The word is out.  Reports are popping up around our little online neighborhood.

Brad McQuaid is putting together a project for Kickstarter, which he describes:

The game is high fantasy and if you’ve played EQ 1 and/or Vanguard, you’ve got a general idea of what the game’s about…

And part of me reads that and goes, “Whoo-haaa!” or some other loudly affirmative interjection.

After all, there was a time and place where we were clearly on the same page when it came to online gaming.  We both were playing TorilMUD back in the day and he, along with a group of talented people, many of whom also played TorilMUD, and created EverQuest.

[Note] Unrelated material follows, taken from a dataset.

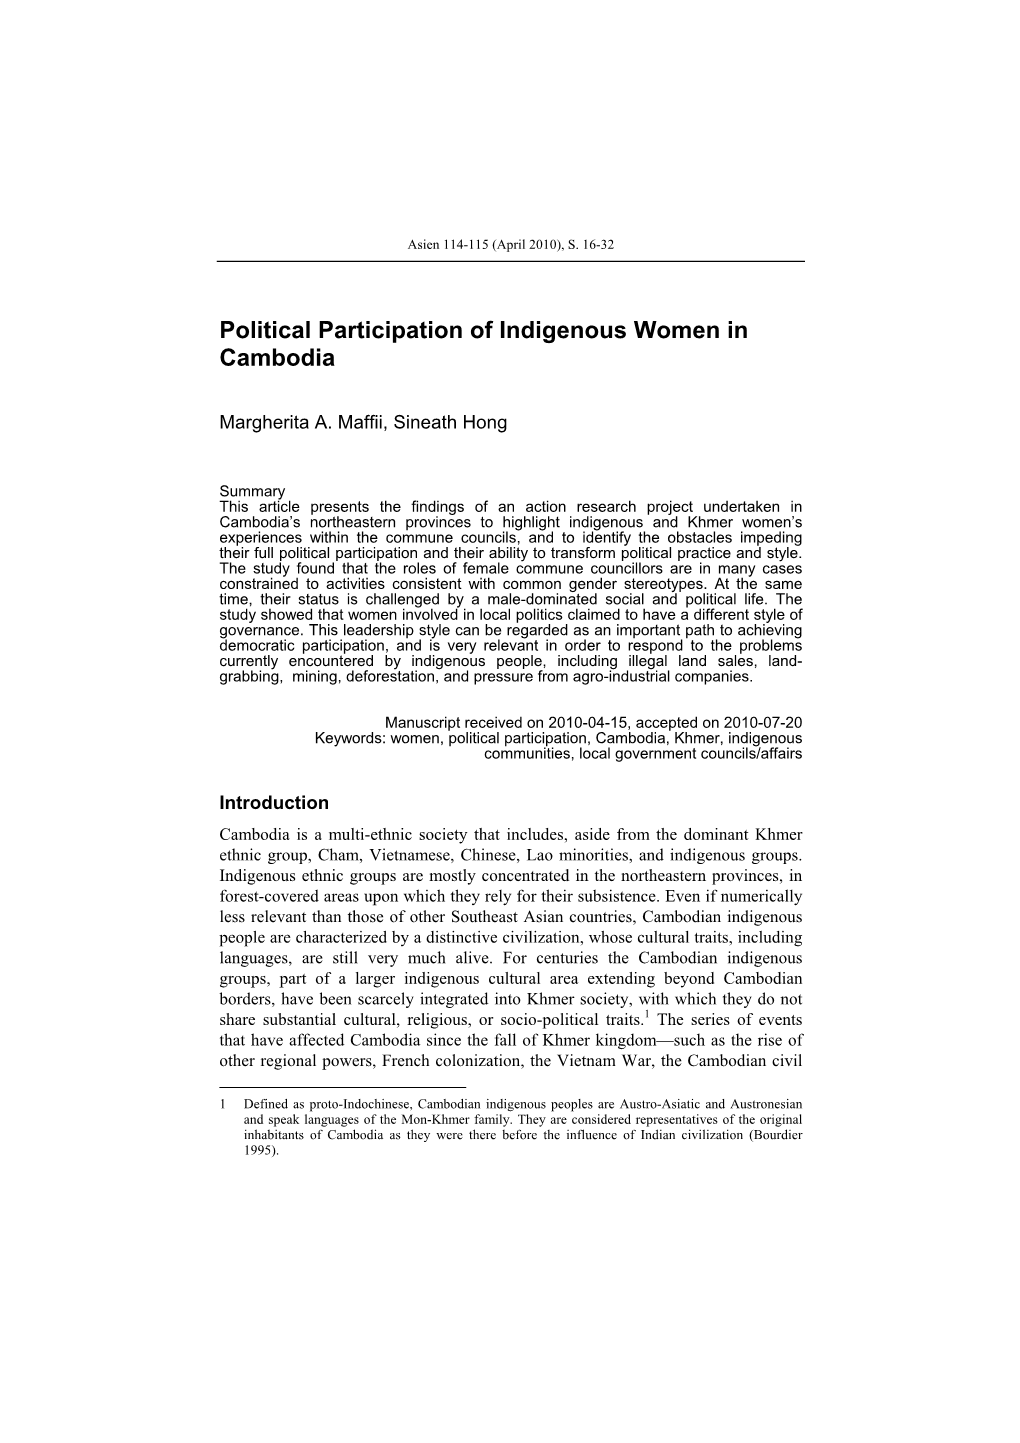 Political Participation of Indigenous Women in Cambodia

To this day I cannot describe the combined feeling of newness and amazement mixed in with equally strong feelings of comfort and a sense of being exactly where I wanted to be when I first started playing EverQuest.

And that is what springs to mind right away when I think about Brad McQuaid.

Unfortunately, he also brings up Vanguard, which is sort of the antithesis of EverQuest to me.

Well, except for that Qeynos sewer faction...

What has he done for us lately?

There were certainly a lot of things that went wrong on that path.  The list of mistakes… with I can sort of sum up as “too much breadth, not enough depth” or “too much big picture ambition, not enough focus on the details”… was long.  And it was crowed with arrogance that I found off-putting.  It was the spiritual forefather of Tabula Rasa or Warhammer Online, the big draw based on a reputation that failed to pan out.

I suppose that Brad McQuaid can get a little satisfaction out of the fact that his creation outlasted those two titles.  But it damn near did not.  While I was happy enough for SOE to step in and save Vanguard, I couldn’t tell you if that was the best business decision for SOE.  It is certainly not obvious if SOE made much money with the game relative to the effort it took to fix it, and less certain is what SOE could have done with that money.  Finish The Agency maybe?  who knows?

Anyway, I bring up those two other titles, Warhammer Online and Tabula Rasa for a pretty obvious reason.  Mark Jacobs and Richard Garriott both had initial successes in the early MMO market, turned that into big projects that failed to meet expectations, and then turned around years later to do smaller, Kickstarter focused projects allegedly based on what they learned on their respective roads through life.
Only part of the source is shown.